WHAT TO DO: Whatever precedes the line containing "Immaginedi Una Idilliaca" is not copied; that line and every line after it through the final one below are copied exactly, except pictures.

RAW DATA:
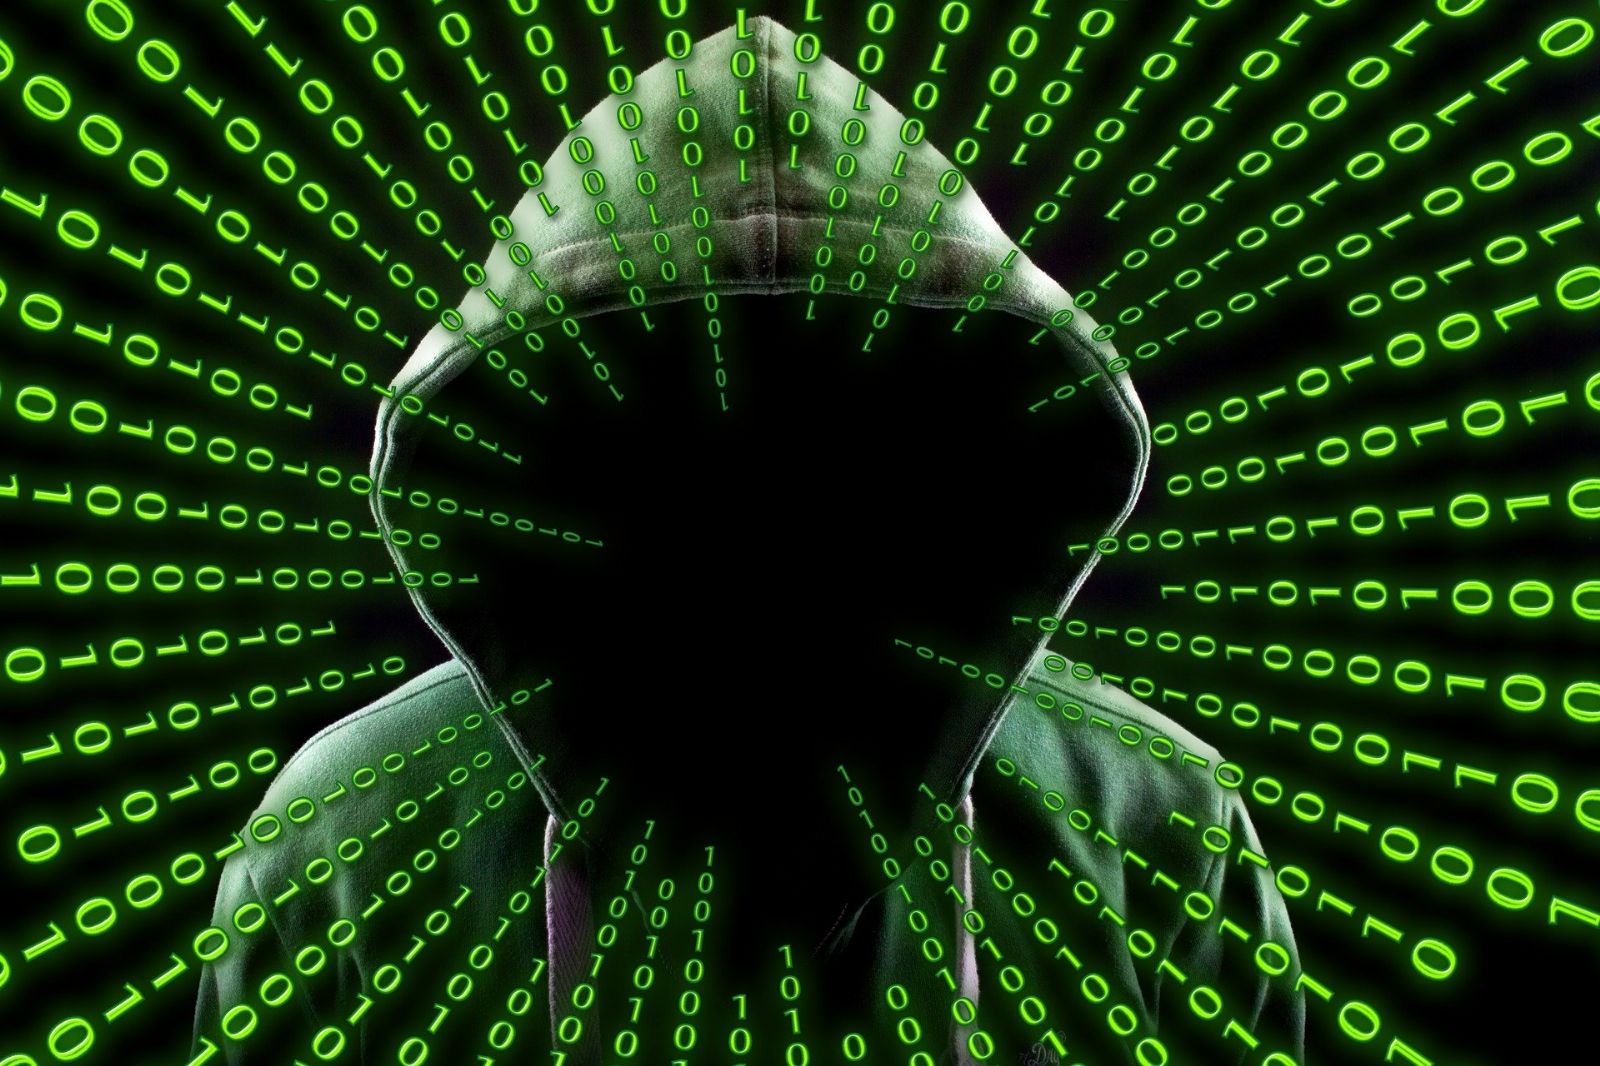 Národní úřad pro kybernetickou a informační bezpečnost a Ministerstvo zdravotnictví vydaly doporučení ke snížení kybernetických hrozeb pro zdravotnická zařízení
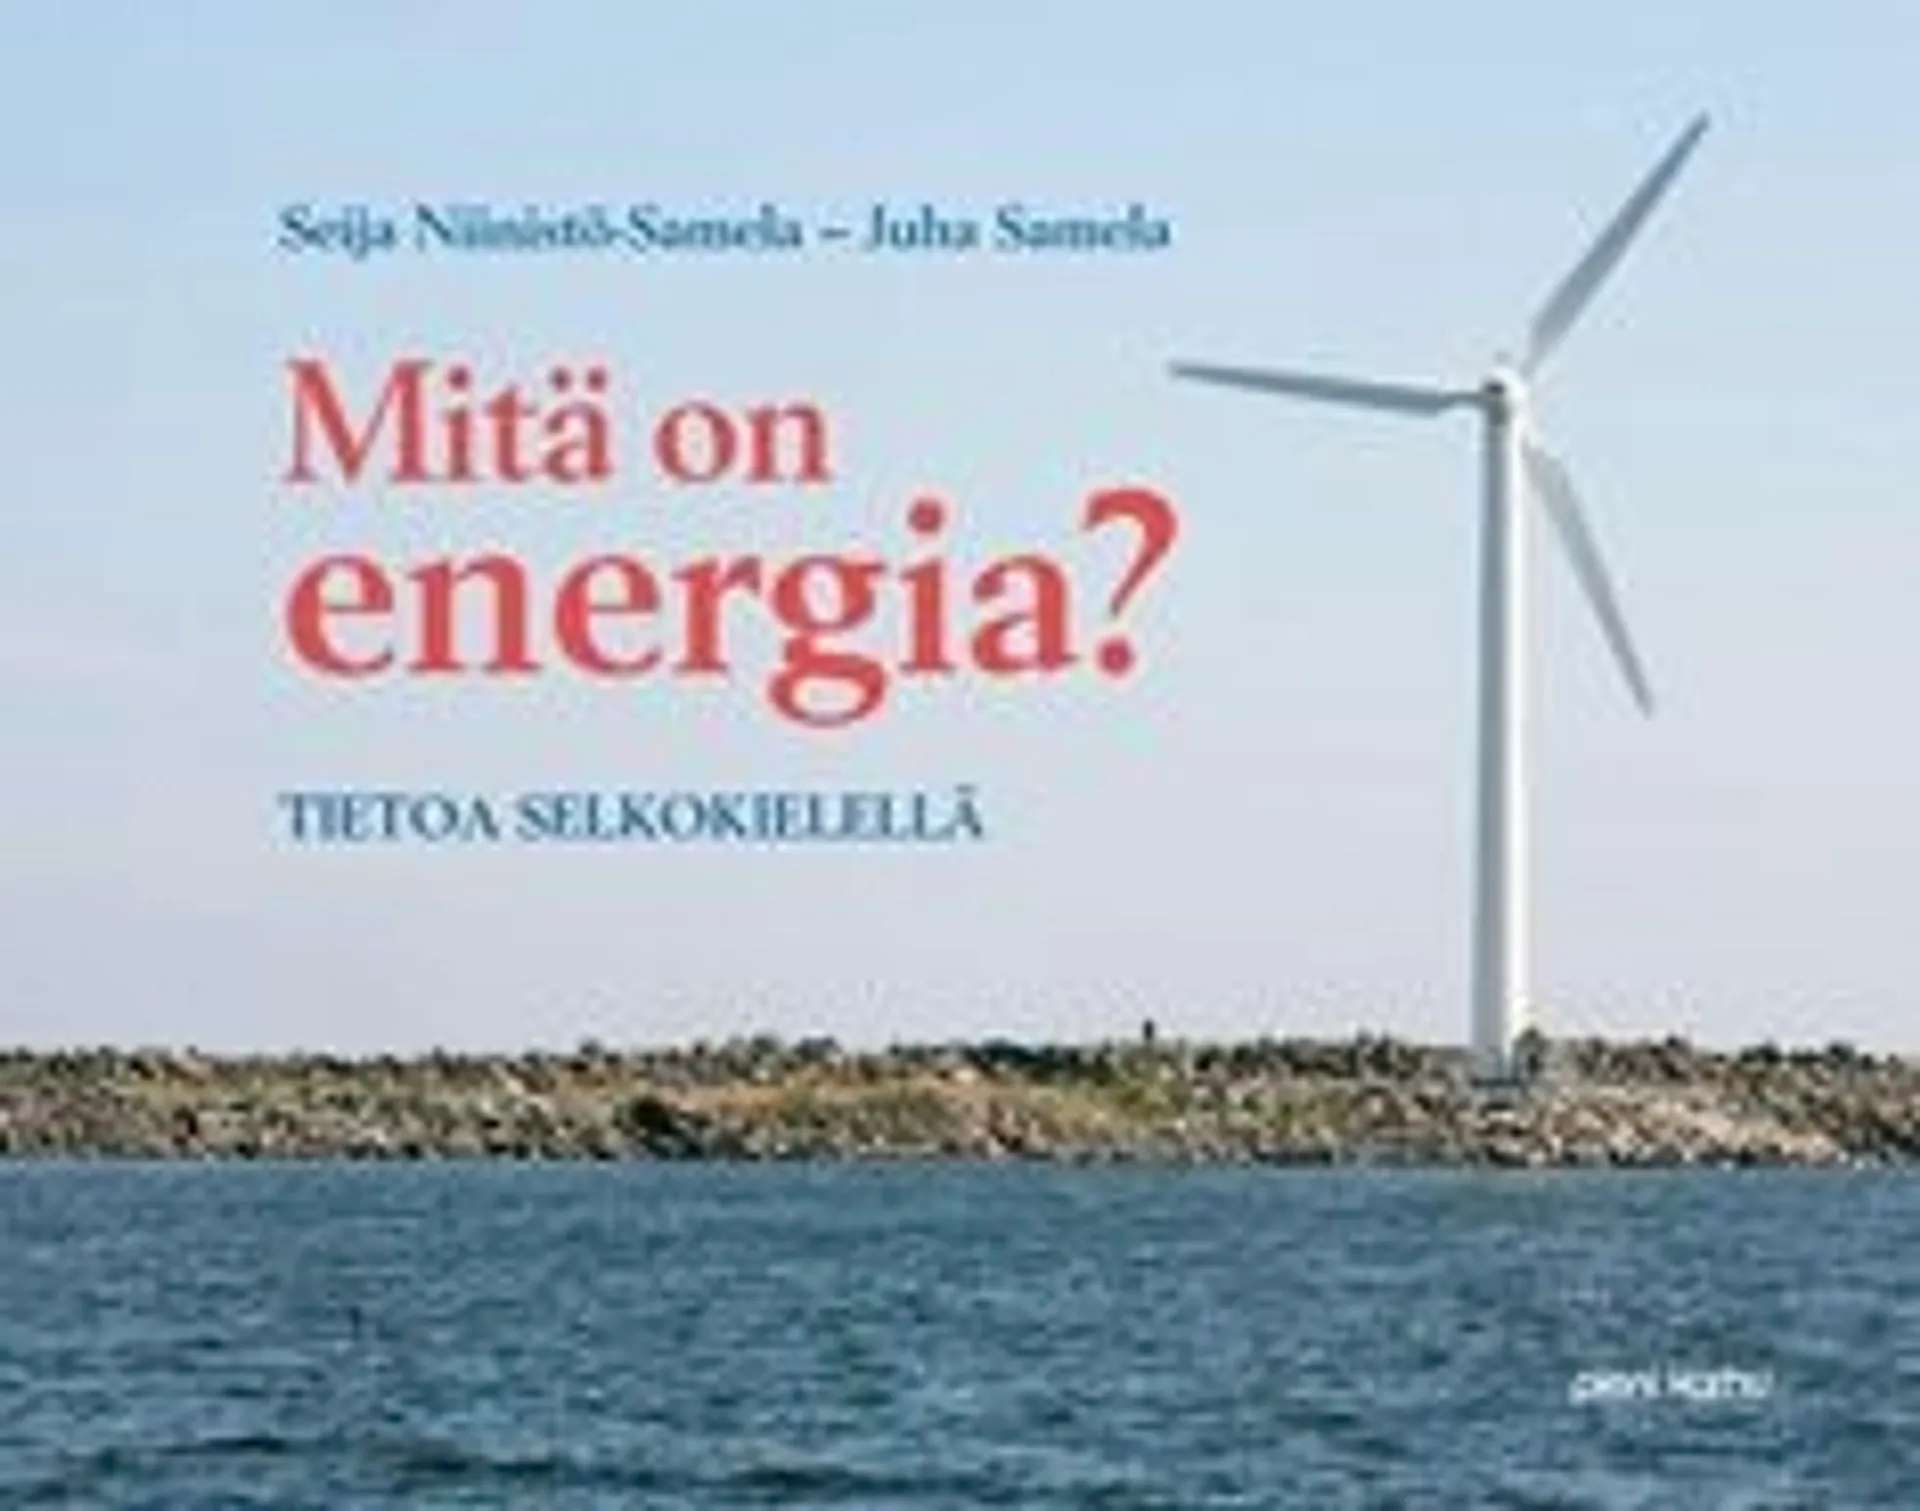 Samela-Niinistö, Mitä on energia?
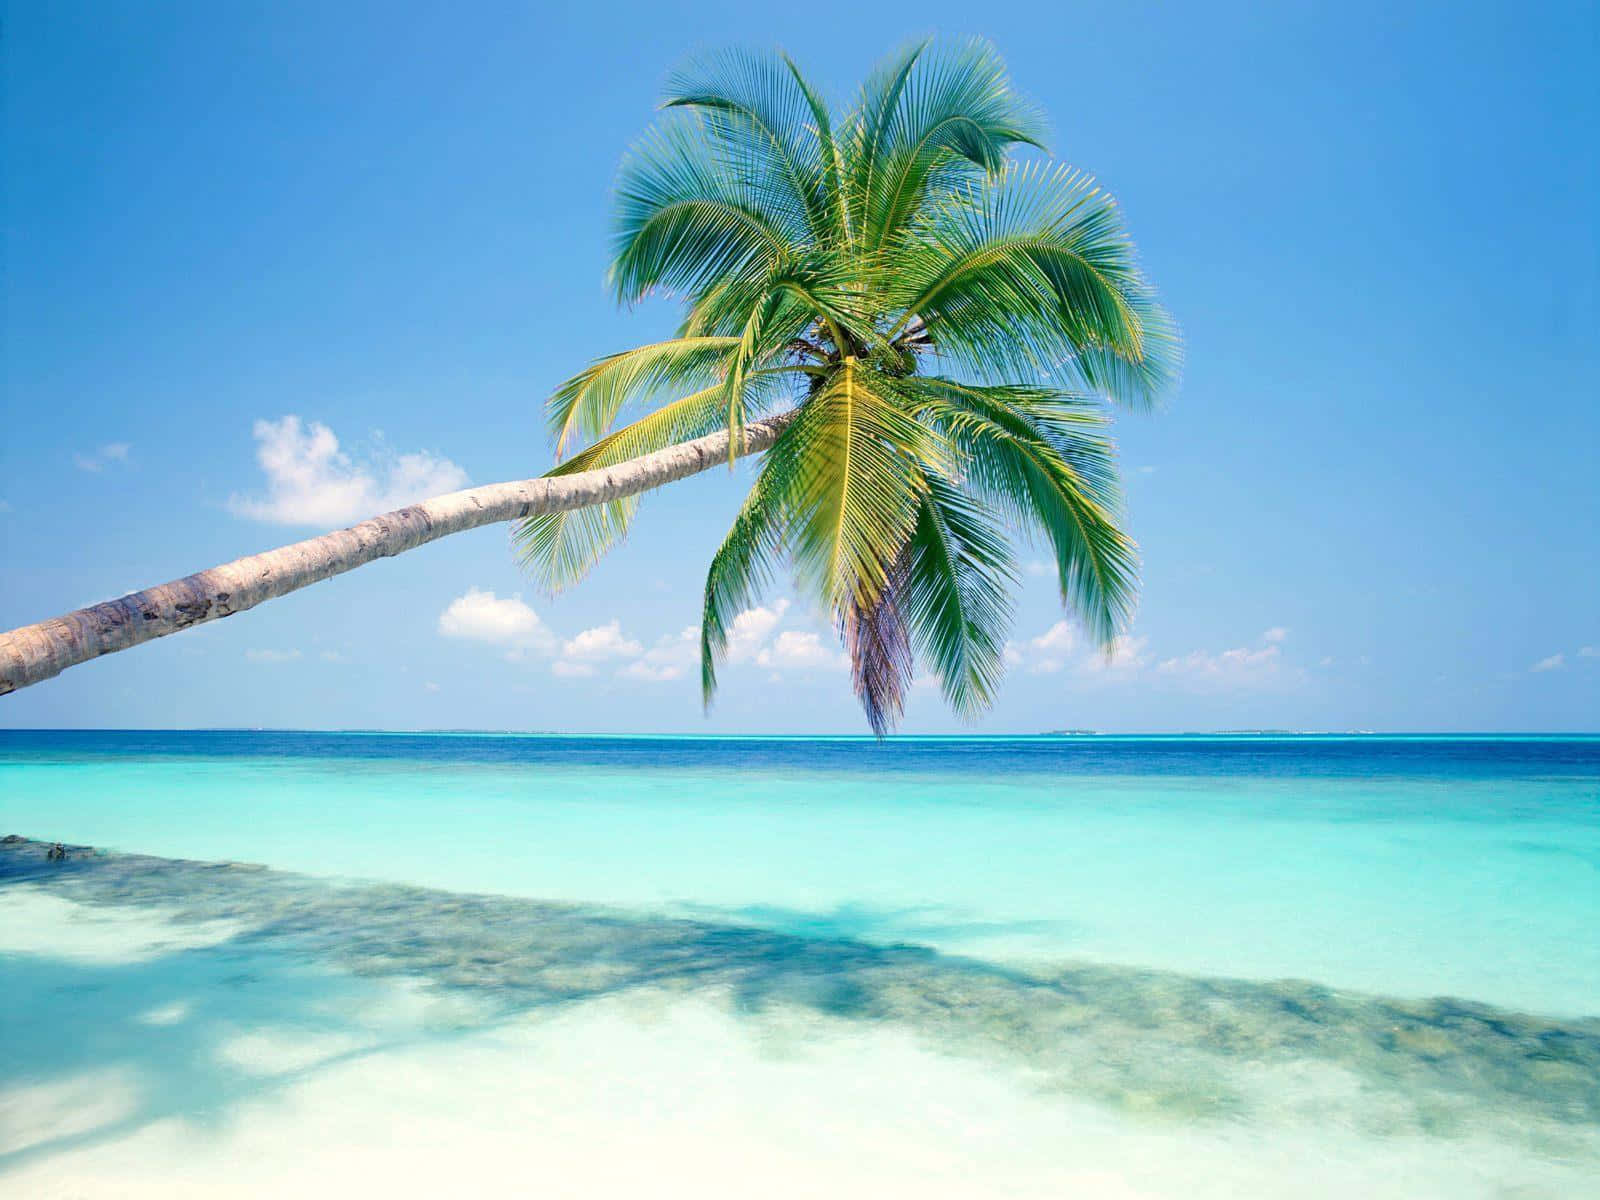 Immaginedi Una Idilliaca Spiaggia Di Sabbia Bianca Con Le Acque Limpide E Scintillanti Di Un'isola Tropicale. Sfondo
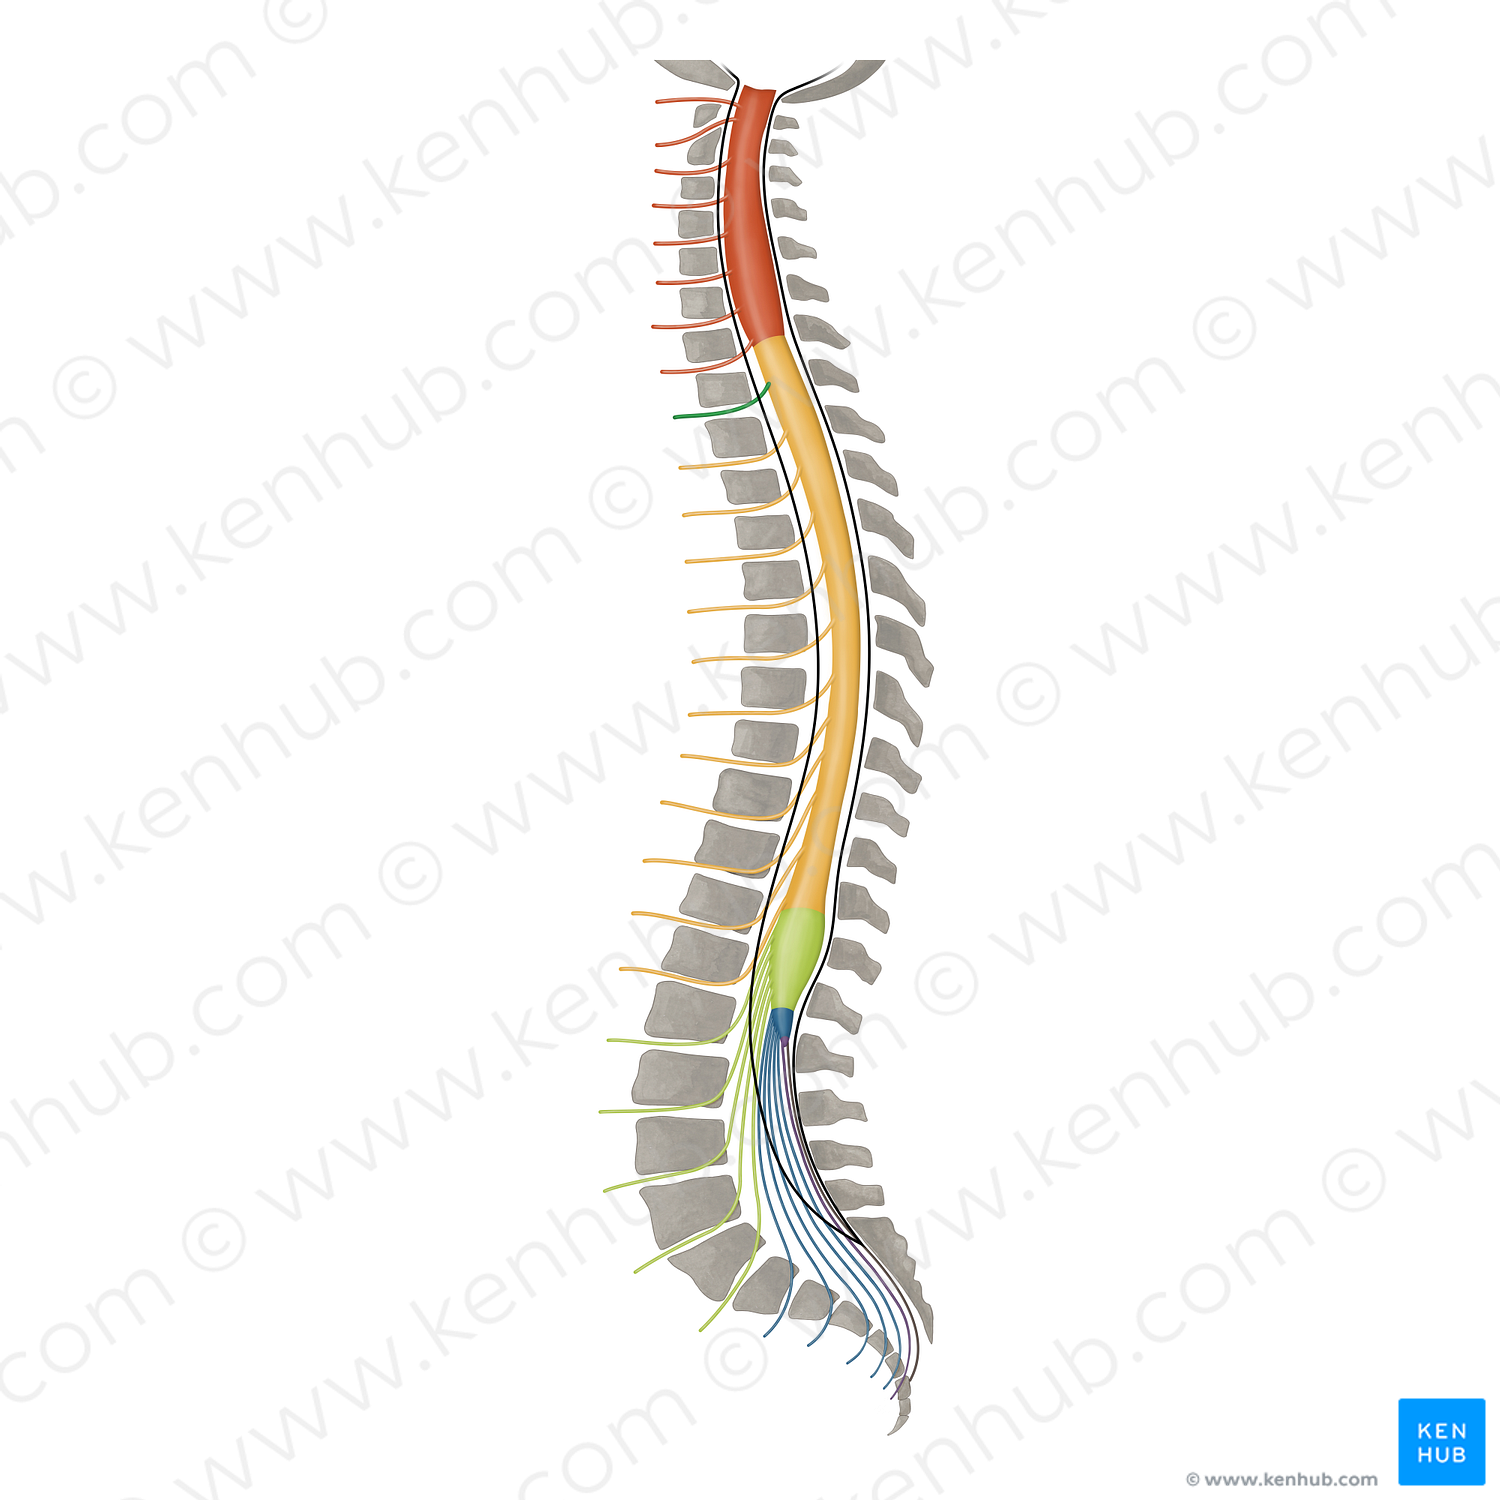 Spinal nerve T1 (#16423)

ANSWER BELOW:
 Immaginedi Una Idilliaca Spiaggia Di Sabbia Bianca Con Le Acque Limpide E Scintillanti Di Un'isola Tropicale. Sfondo
 Spinal nerve T1 (#16423)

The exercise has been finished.